The proposed model was evaluated on the HaN-Seg and SegRap2023 datasets, demonstrating superior performance compared to state-of-the-art methods. A pre-processing trick involving enhanced three-channel CT stacks showed improvement without further complexity. Training configurations included an RTX 4090 GPU cluster, using a combined Dice loss and cross-entropy loss for optimization.

Comparative Analysis

The model achieved a remarkable improvement in mDice and mIoU metrics, particularly outperforming nn-UNet baselines under similar conditions. The comprehensive evaluation against other models demonstrated its efficacy in handling diverse organ sizes with precision.

Figure 3: Comparison in some mid-sized and small organ classes with nn-UNet baseline and previous SOTA.
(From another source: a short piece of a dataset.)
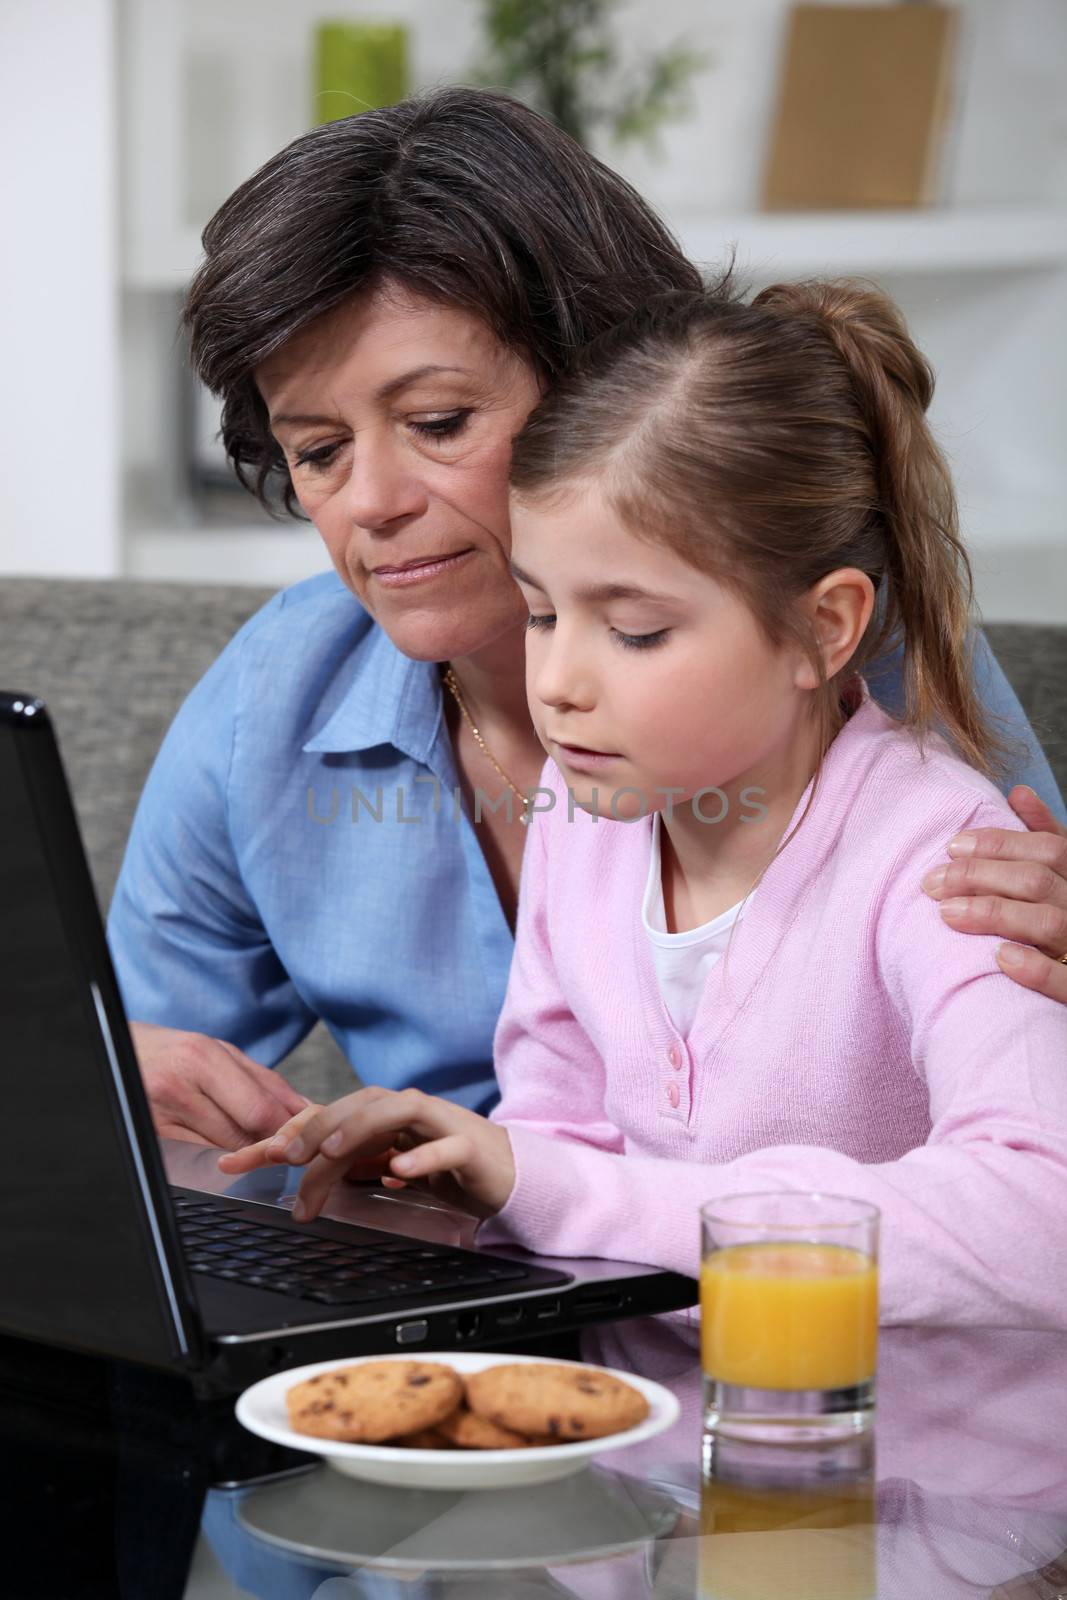 Child and her grandmother using a laptop by phovoir

Figure 4: Qualitative results of some re-implemented models on SegRap2023.

Conclusion

The paper’s contributions significantly extend Mask2Former’s capabilities, particularly for small organ segmentation, achieving state-of-the-art results across multiple datasets. By integrating offset adjustment strategies, feature fusion, and auxiliary decoders, the model excels in efficiency and accuracy, paving the way for improved applications in medical image analysis. The framework’s design facilitates robust and resource-efficient performance, critical for clinical adoption.

In conclusion, the work delineates a promising enhancement for transformer-based medical segmentation tasks, offering insights and methodologies that could influence future research and practical implementations in the domain. Future studies could explore further optimization of offset strategies and auxiliary branches to scale these benefits across varied clinical imaging modalities.